A new class of variance reduction techniques using lattice symmetries

TL;DR

This paper introduces a class of unbiased estimators using lattice symmetries that significantly reduces statistical errors in lattice gauge theory calculations, leading to substantial computational cost savings.

Contribution

It proposes covariant approximation averaging, a novel variance reduction technique leveraging lattice symmetry covariances, improving efficiency in physical observable computations.

Findings

Cost reductions of 16 times for nucleon mass calculations.

Cost reductions of 2.6-20 times for hadronic vacuum polarization.

Efficiency gains increase with decreasing quark mass and larger lattices.

Abstract

We present a general class of unbiased improved estimators for physical observables in lattice gauge theory computations which significantly reduces statistical errors at modest computational cost.
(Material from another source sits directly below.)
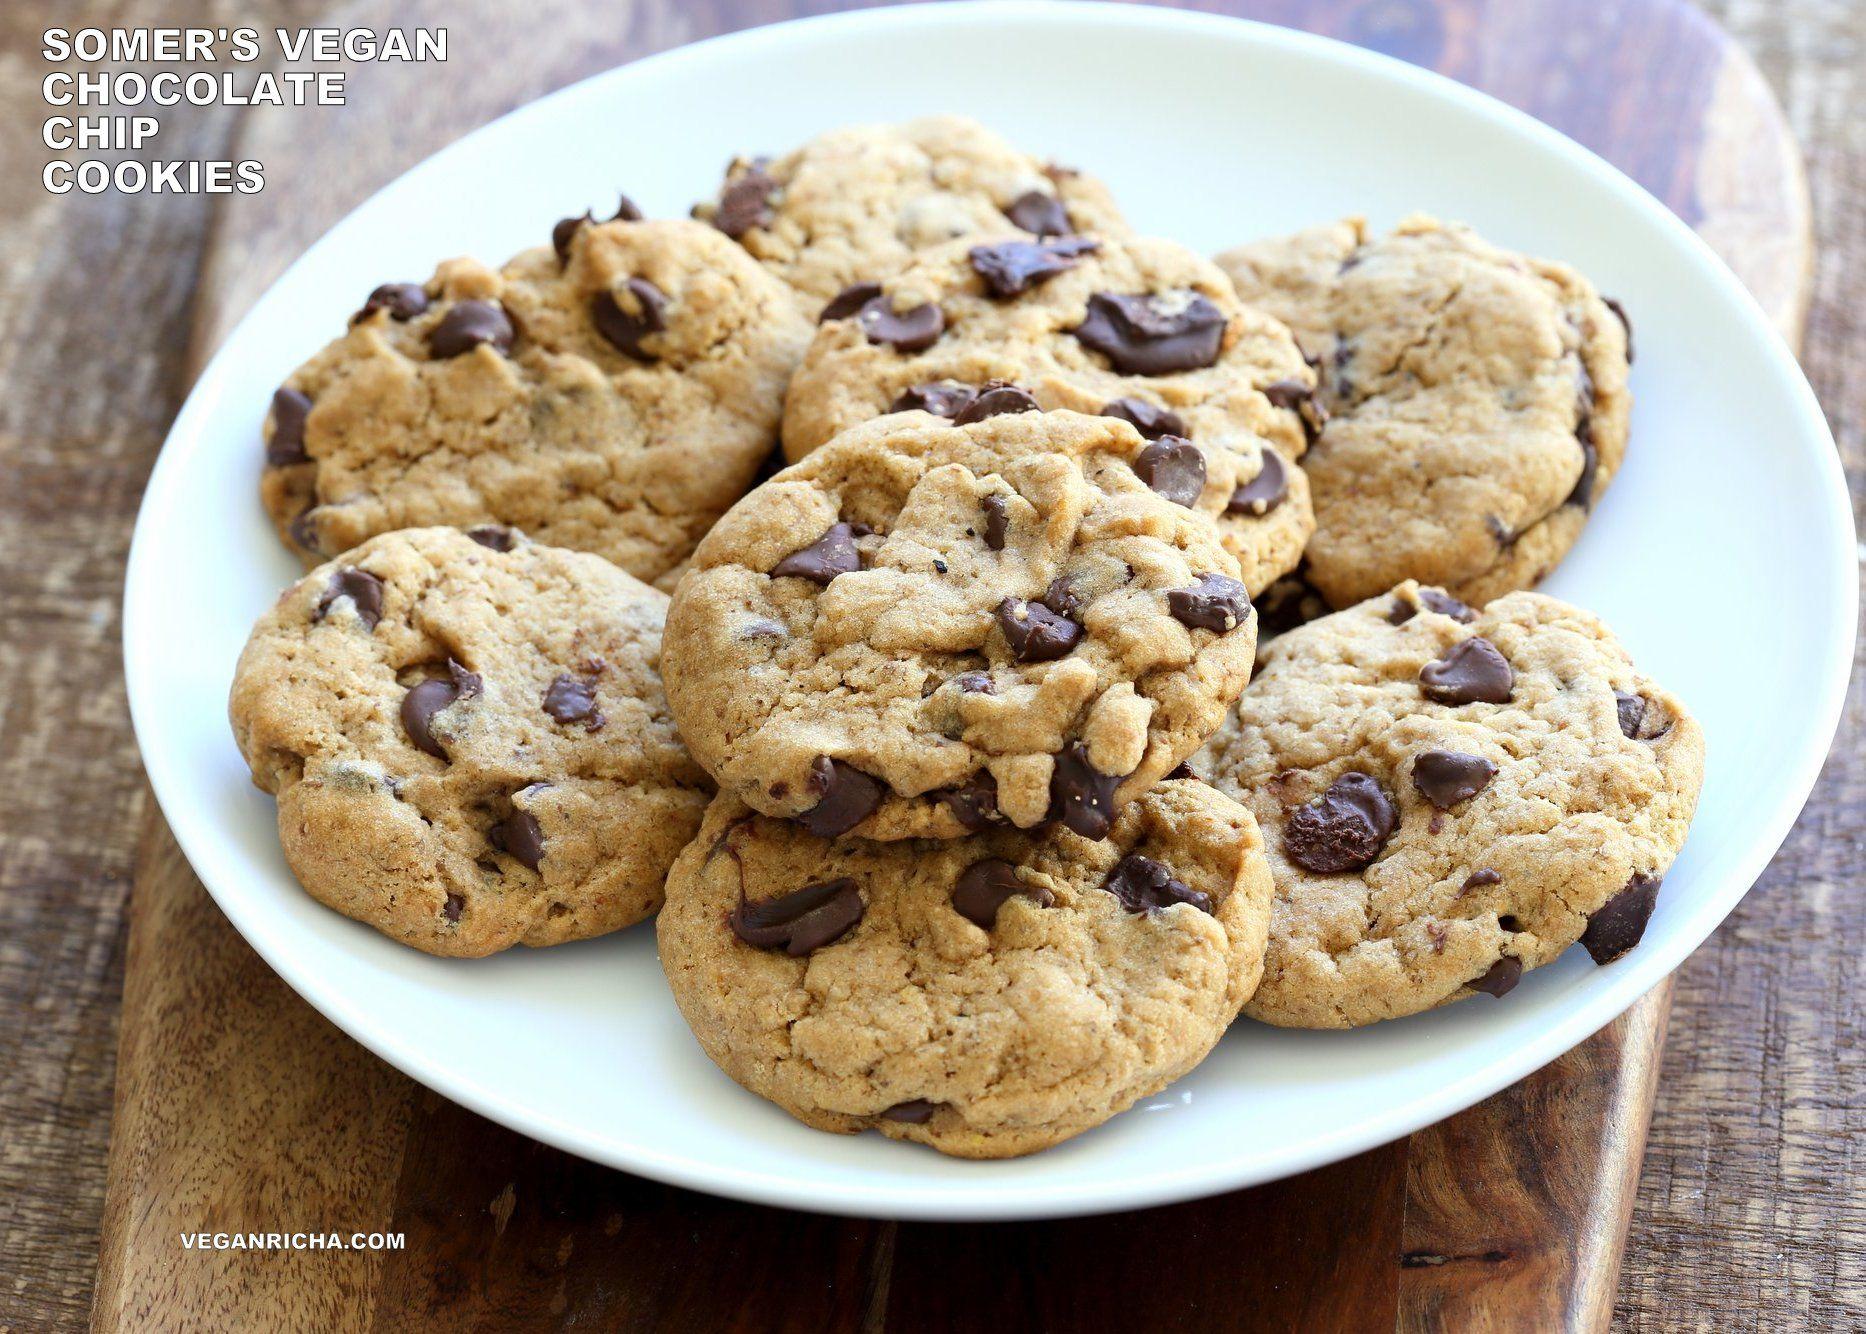 Vegan Chocolate Chip Cookies With Coconut Oil Palm Oil Free Recipe Vegan Richa Recipe Keto Chocolate Chip Cookies Cookies Recipes Chocolate Chip Vegan Chocolate Chip Cookies
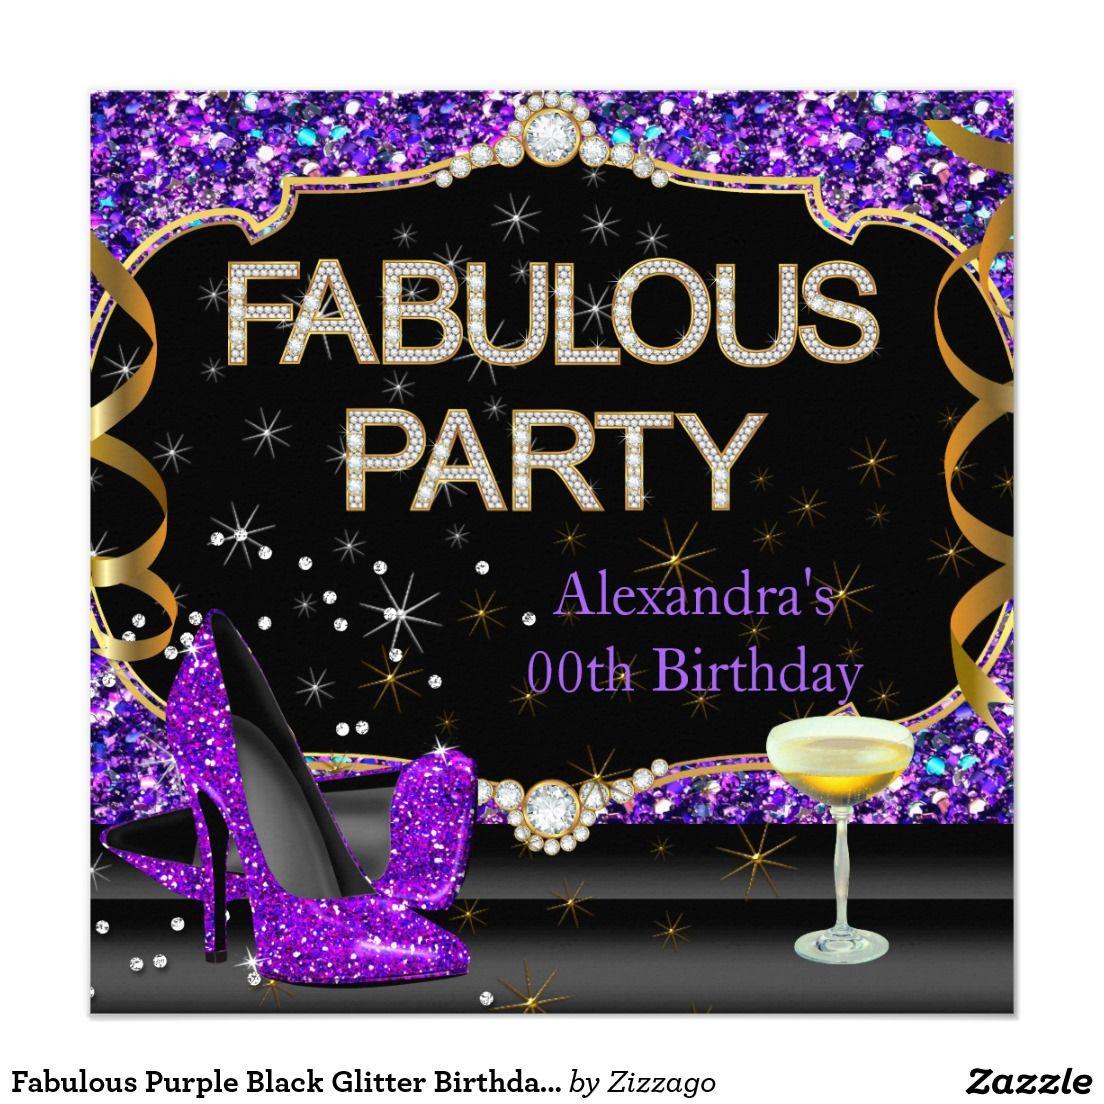 Fabulous purple black glitter birthday party invitation

The error reduction techniques, referred to as covariant approximation averaging, utilize approximations which are covariant under lattice symmetry transformations. We observed cost reductions from the new method compared to the traditional one, for fixed statistical error, of 16 times for the nucleon mass at $M_\pi\sim 330$ MeV (Domain-Wall quark) and 2.6-20 times for the hadronic vacuum polarization at $M_\pi\sim 480$ MeV (Asqtad quark). These cost reductions should improve with decreasing quark mass and increasing lattice sizes.